Every so often I talk to someone who’s like, “Well, it just seems like Blue Sky’s got the momentum, so that’s where everything’s at.” I think Blue Sky’s doing really interesting work. I’ve talked about them a lot today, but the model of the Fediverse is still, I think, meaningful and important and exciting. So I have a lot of optimism about the next 12 to 18 months of sort of taking what we’ve all learned collectively over this past many years and trying to make places and tooling on the Fediverse that can be welcoming and safer for more communities who may need more aggressive forms of safety. 

Ethan Zuckerman:

Erin, I’m enormously reassured to know that you’re putting your substantial intellect and energy towards this bigger question of how we survive the next three years, nine months, number of weeks, etc., etc., or perhaps just how we survive the dismantling of not just the administrative state, but frankly so much that goes with it. I will tell you that as a professor at a university on the list of 60 universities targeted by the administration, these changes are enormous and profound and all over the place.
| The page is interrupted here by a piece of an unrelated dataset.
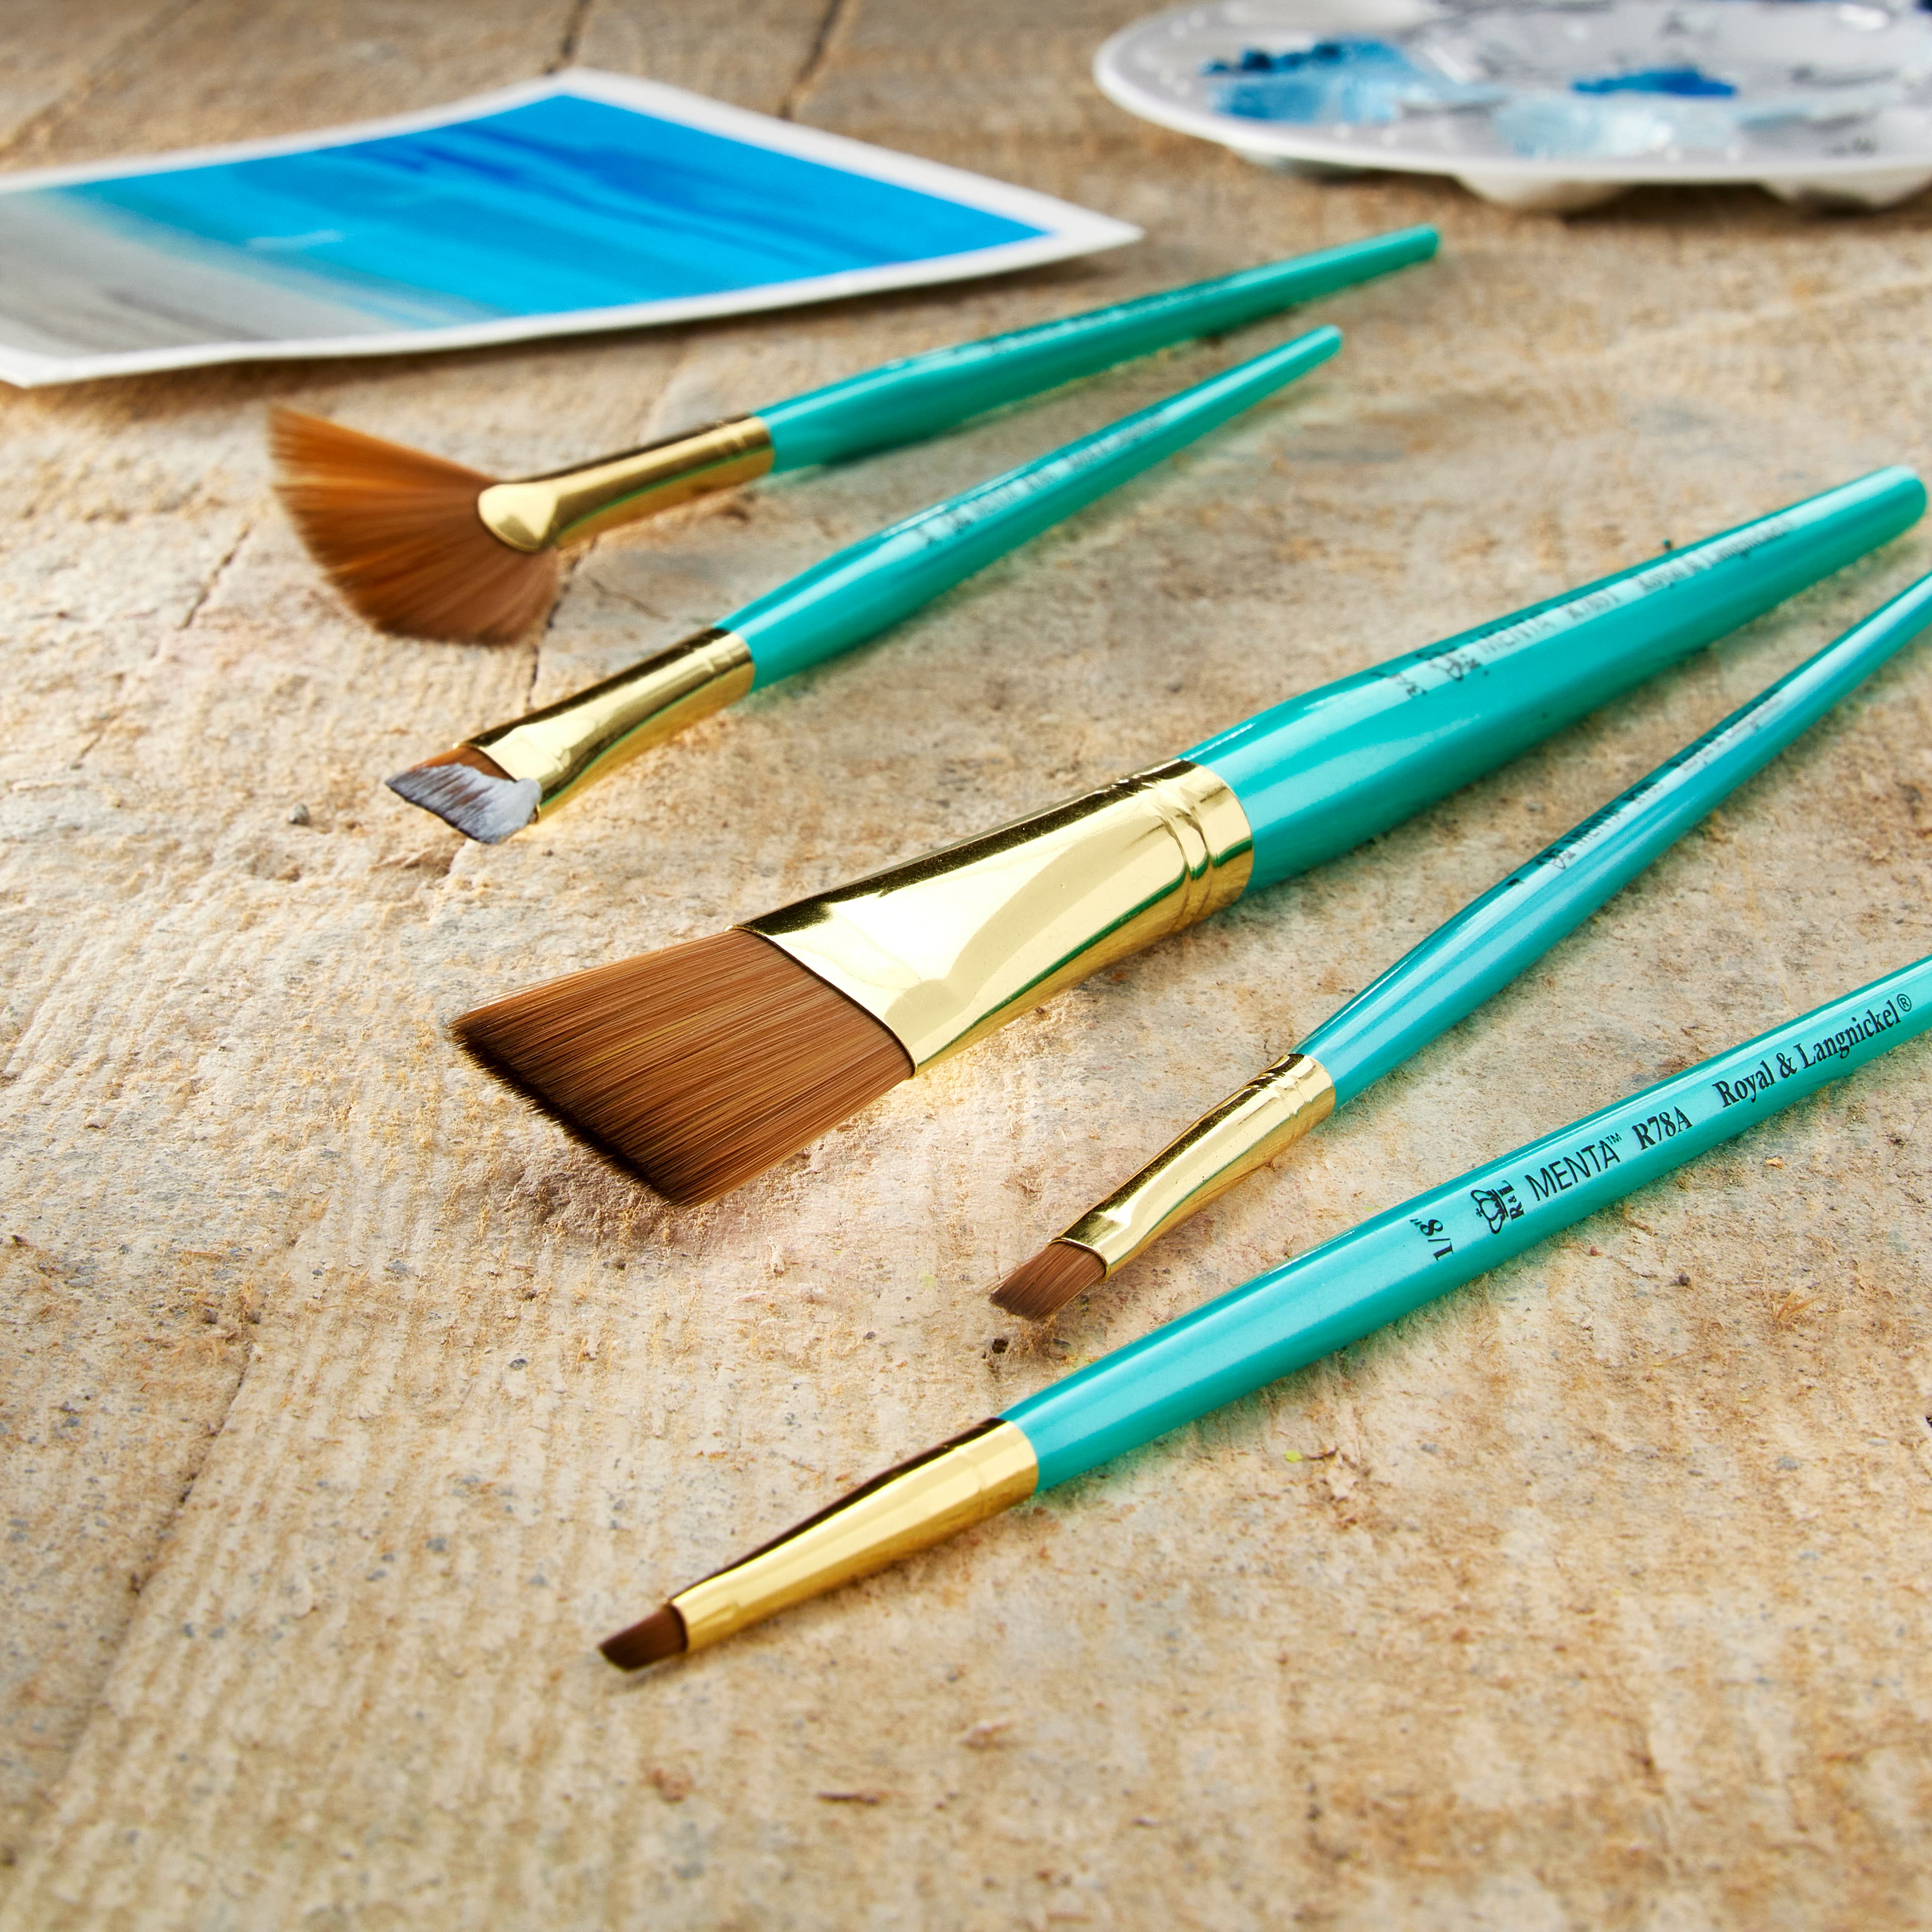 12 Packs: 5 ct. (60 total) Menta&#x2122; Synthetic Acrylic Variety Brush Set
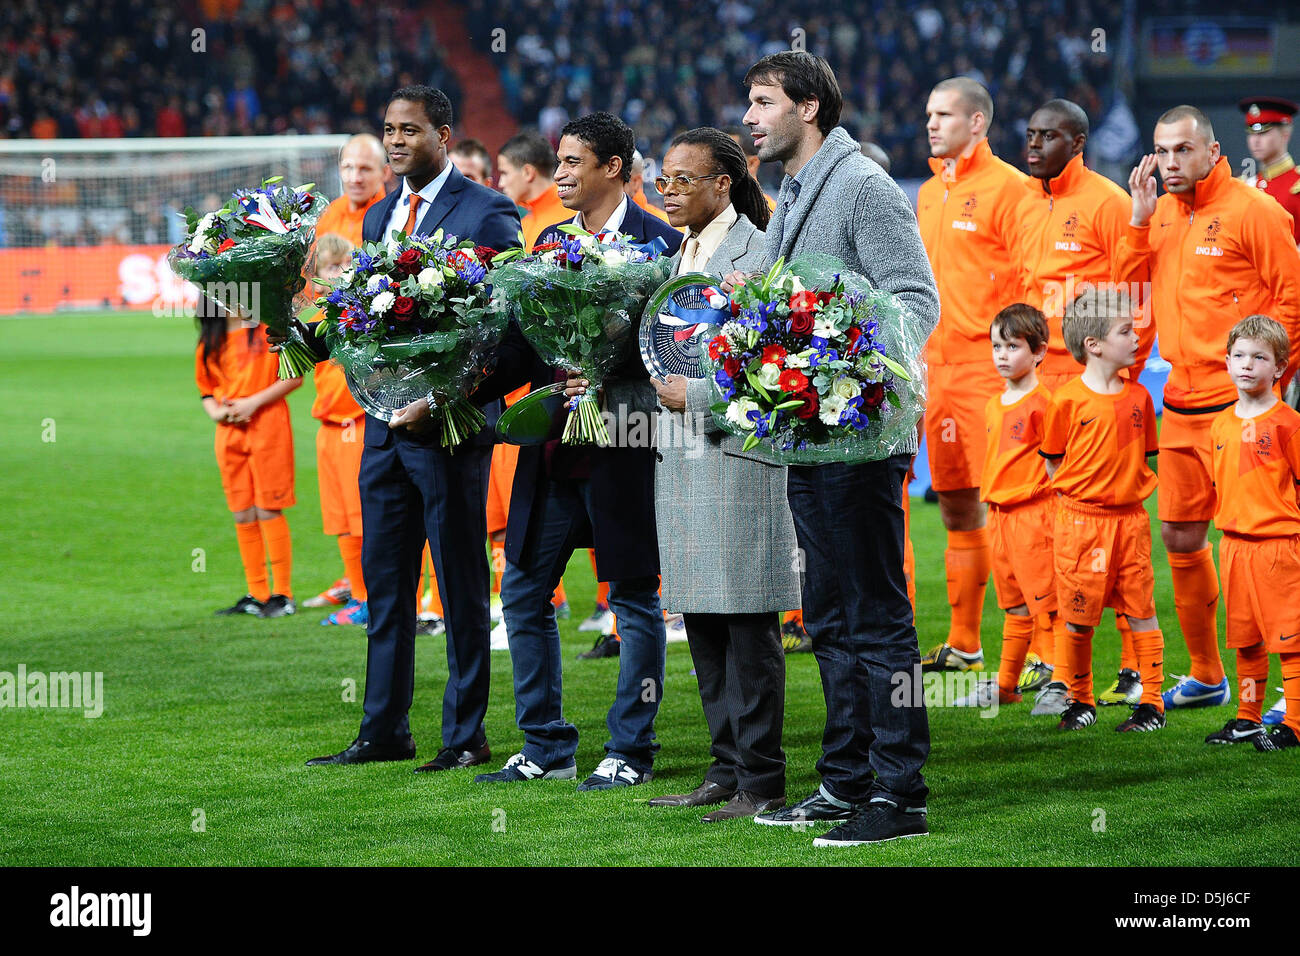 Assistand coach Patrick Kluivert (L-R), Alex Reizinger, Edgar Davids and Ruud van Nistelrooy are honored by the KNVB during the international match between the Netherlands and Germany at Amsterdam ArenA in Amsterdam, The Netherlands, 14 November 2012. Photo: Revierfoto Stock Photo

You are, as you always are, tremendously illuminating and I think for people who need more illumination around the Fediverse, we will definitely make sure to share some of that writing. 

She’s Erin Kissane. She’s one of the smartest folks I know at pulling apart incredibly complex socio-technical issues, looking at paths through them that transcend the easy solutions of critiquing or fixing, but really look towards illuminating the complexities of them. Erin, it’s just an honor and a pleasure to have you here. Thank you so much for being with us. 

Erin Kissane:

Ethan, thank you so much for giving me this opportunity. It’s also just really wonderful and heartening to get to talk about this stuff with you, or someone whose work I’ve respected and gone back to for so long and it’s good for the soul. Thank you. The listeners can’t see how pink I am, but thank you. You’re far too kind.